Cette expertise ne vise donc pas à remplacer les sachants ?
Elle vise plutôt à ajuster des politiques publiques en fonction d’objectifs élaborés de façon plus démocratique, corrélés aux besoins du monde social. Et, ce qui est vrai dans les domaines de la santé, du nucléaire, des OGM, pourrait aussi être transposé et expérimenté dans le monde culturel.
Vous pourriez citer l’exemple d’une exposition consacrée aux questions écologiques impliquant de la musique ?
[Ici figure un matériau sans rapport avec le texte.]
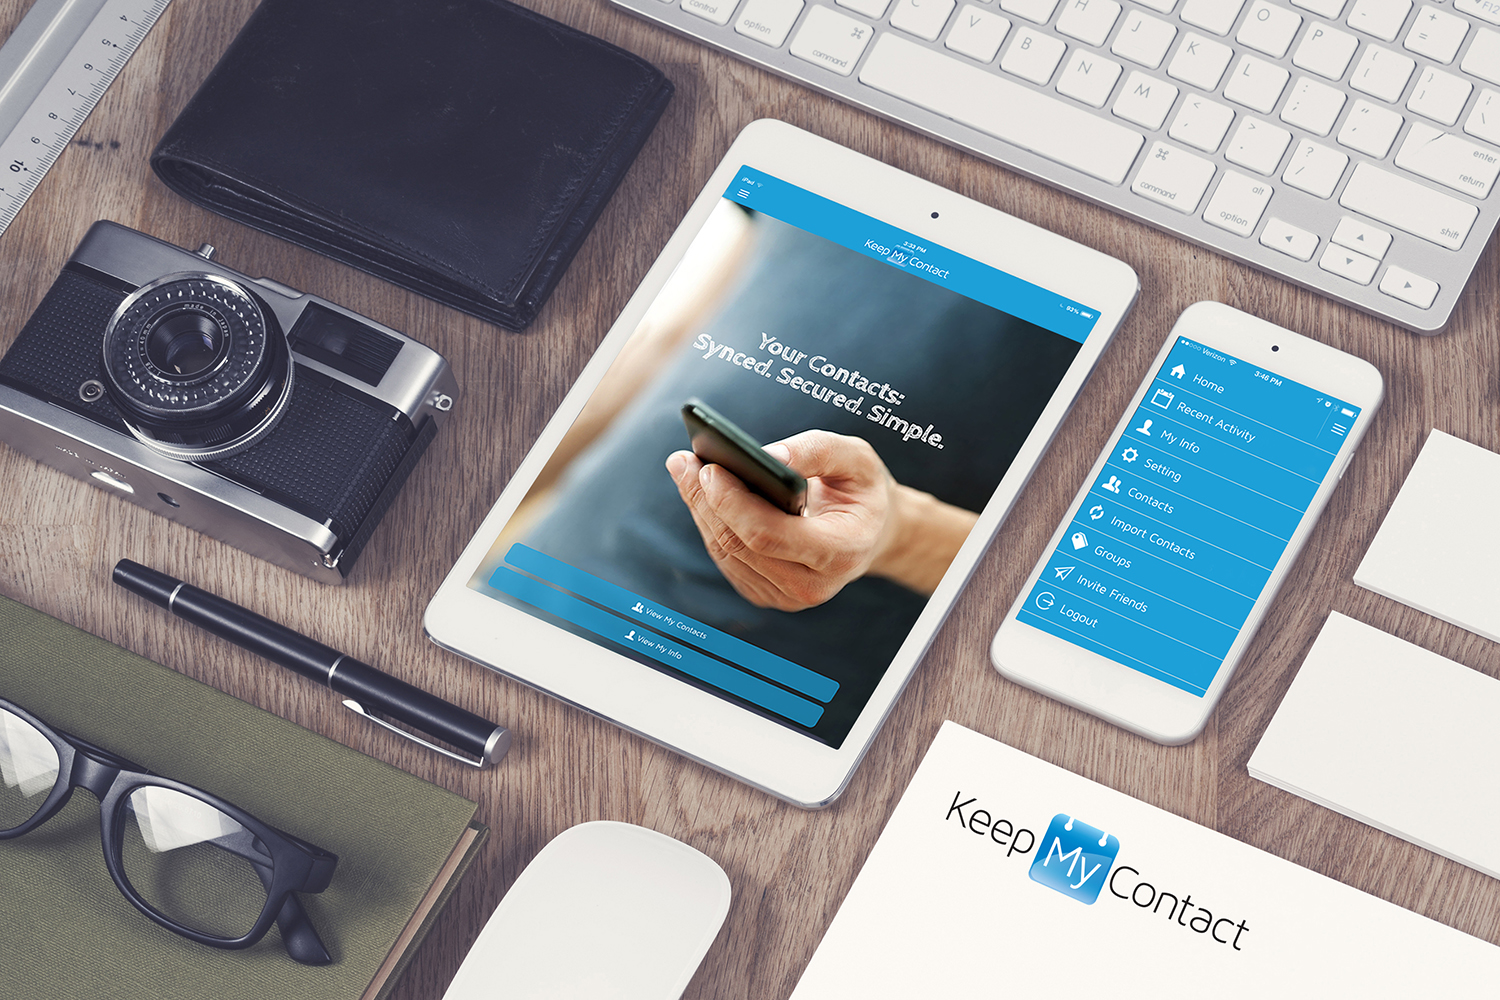 Manage KeepMyContact through Web Application: A computer can be used as a tool to manage the user’s database of contacts and networks. Lost phone? Contacts are simply updated to any new mobile device.

« Le grand orchestre des animaux », une exposition présentée à la Fondation Cartier en 2016 conçue par l’acousticien et écologue américain Bernie Krause. Dans une des salles, on entendait des ambiances animales enregistrées depuis quarante ans par Krause dans différents endroits du monde, sous la mer, au fond d’une forêt ou à l’orée d’une métropole. Des séquences de douze minutes étaient diffusées dans une pièce immense dans laquelle les gens pouvaient se balader, s’allonger ou même s’endormir. Sur les murs, des projections annonçaient le noms des animaux qui émergeaient de l’environnement sonore global, qui exécutaient un solo. L’immersion dans cette « nature sonique » était fascinante, le public était enchanté. Et, en sortant de l’exposition, on apprenait que près 40 % des espèces entendues avaient disparu, soit parce que les zones où les prises de son avaient été réalisées avaient été urbanisées, soit à cause du réchauffement climatique. Il y a là une forme d’entrée dans les défis de l’Anthropocène, ni catastrophiste, ni prophétique, mais au contraire sensible et jouissive. Il n’y a pas d’éducation du public, de pré‑requis car tout le monde sait écouter, pas de formation préalable ou de discours. L’expérience est intense, ouverte ; l’œuvre propose aux visiteurs de devenir des oiseaux. Mais elle est aussi très politique, elle propose l’idée que ce sont les animaux qui nous ont appris la musique.